### SOURCE MATERIAL
[Start of section]

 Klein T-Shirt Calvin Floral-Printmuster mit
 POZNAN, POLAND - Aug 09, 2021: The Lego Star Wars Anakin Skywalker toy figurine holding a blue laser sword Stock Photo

[End of section]
[Start of section]

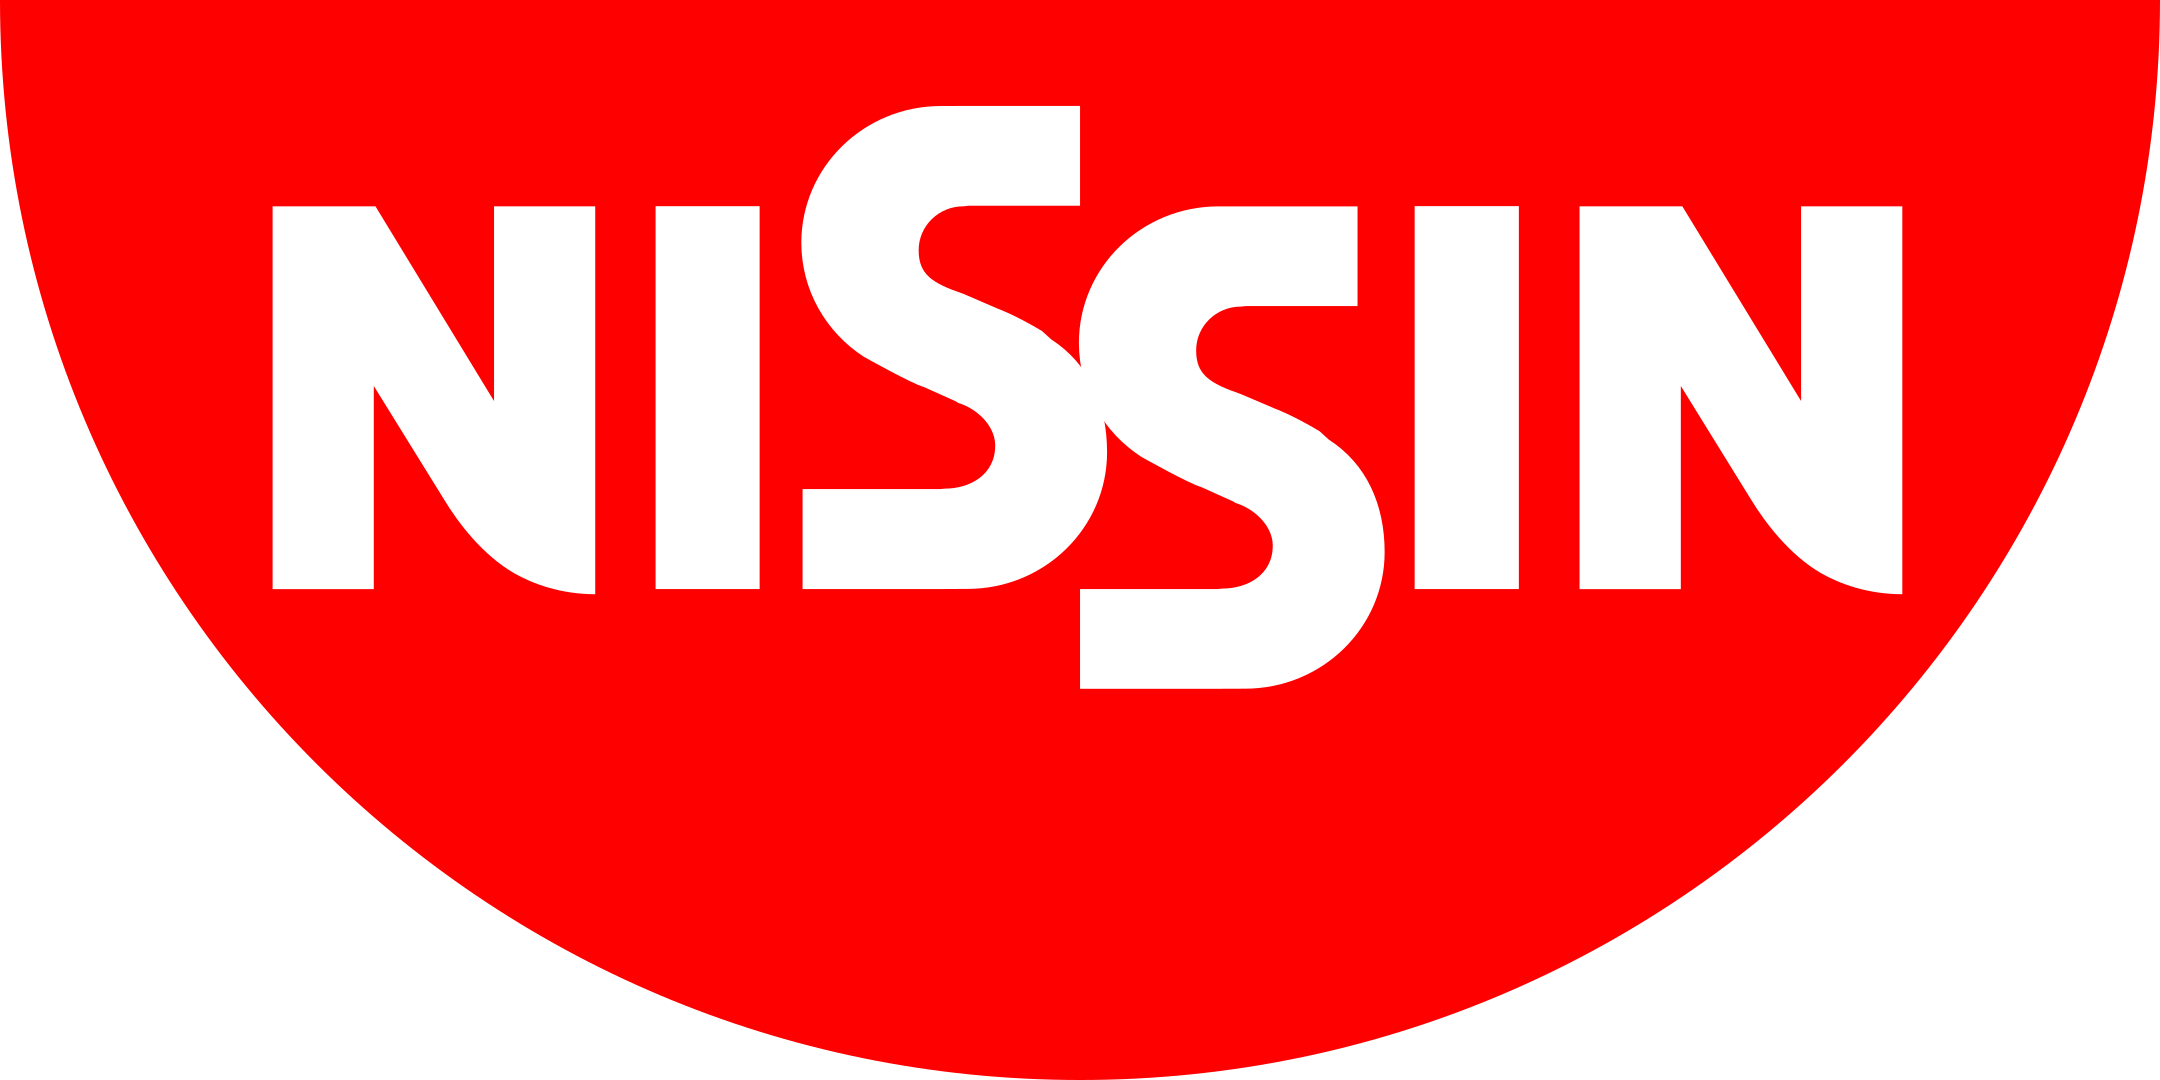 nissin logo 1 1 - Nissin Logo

[End of section]
[Start of section]

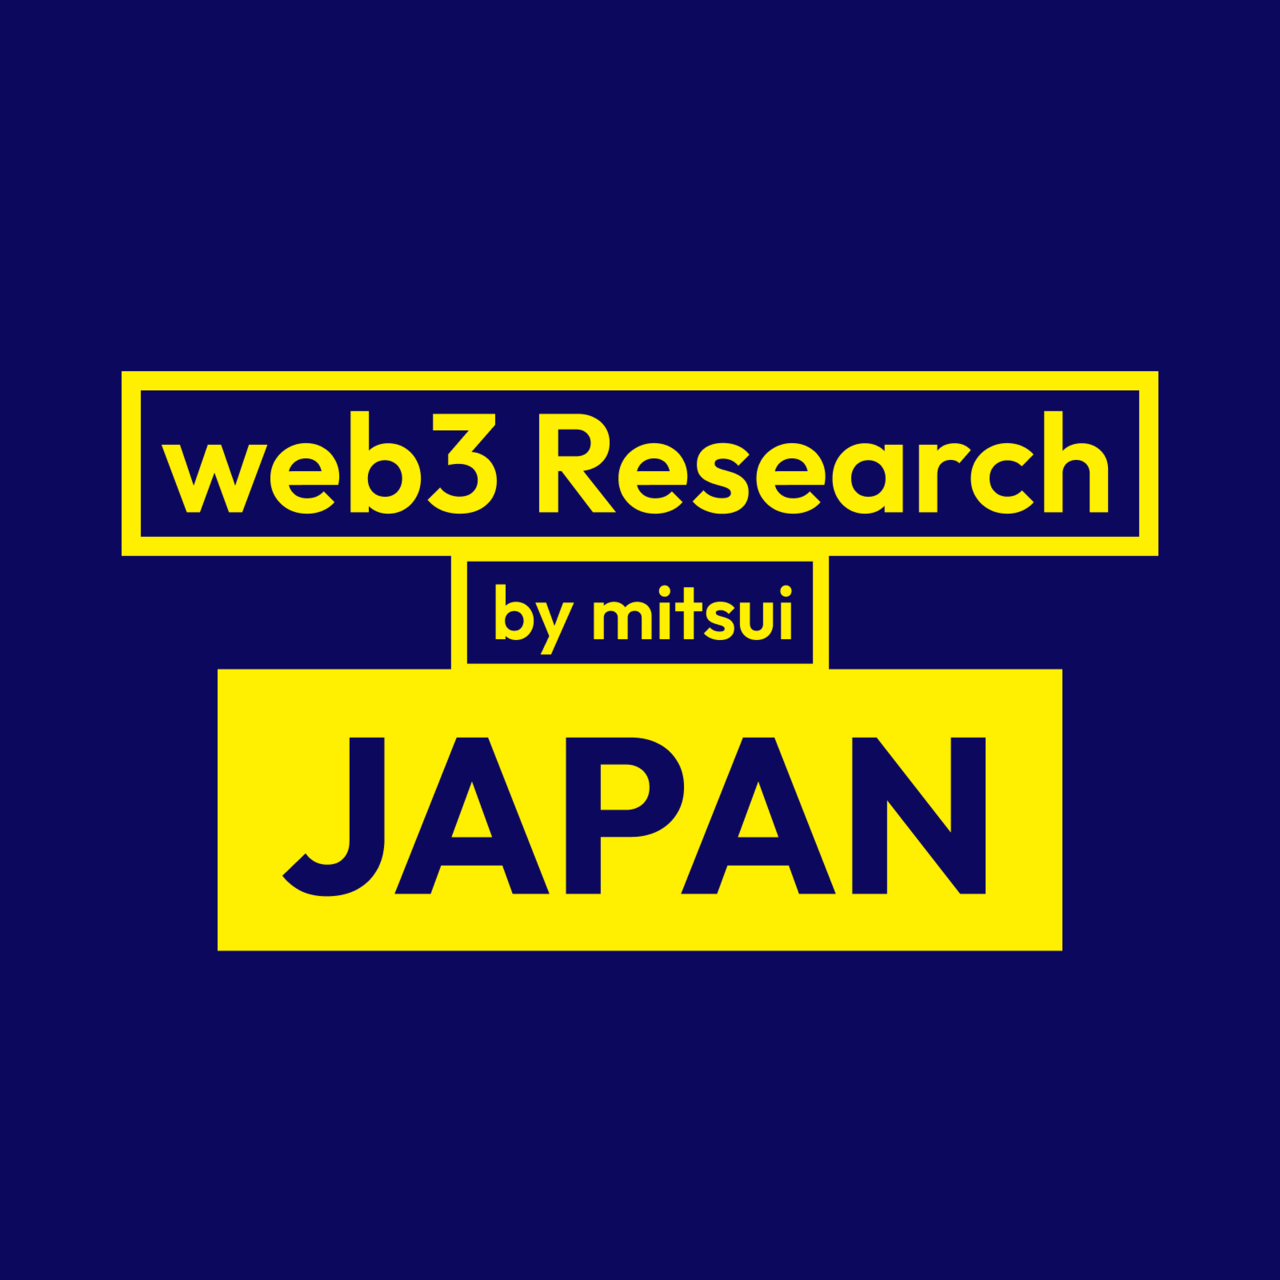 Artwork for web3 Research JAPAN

[End of section]

Retype the portion of the data above that starts on the line with "Klein T-Shirt Calvin Floral-Printmuster mit" and finishes on the line with "POZNAN, POLAND - Aug", including both of those lines.

 Klein T-Shirt Calvin Floral-Printmuster mit
 POZNAN, POLAND - Aug 09, 2021: The Lego Star Wars Anakin Skywalker toy figurine holding a blue laser sword Stock Photo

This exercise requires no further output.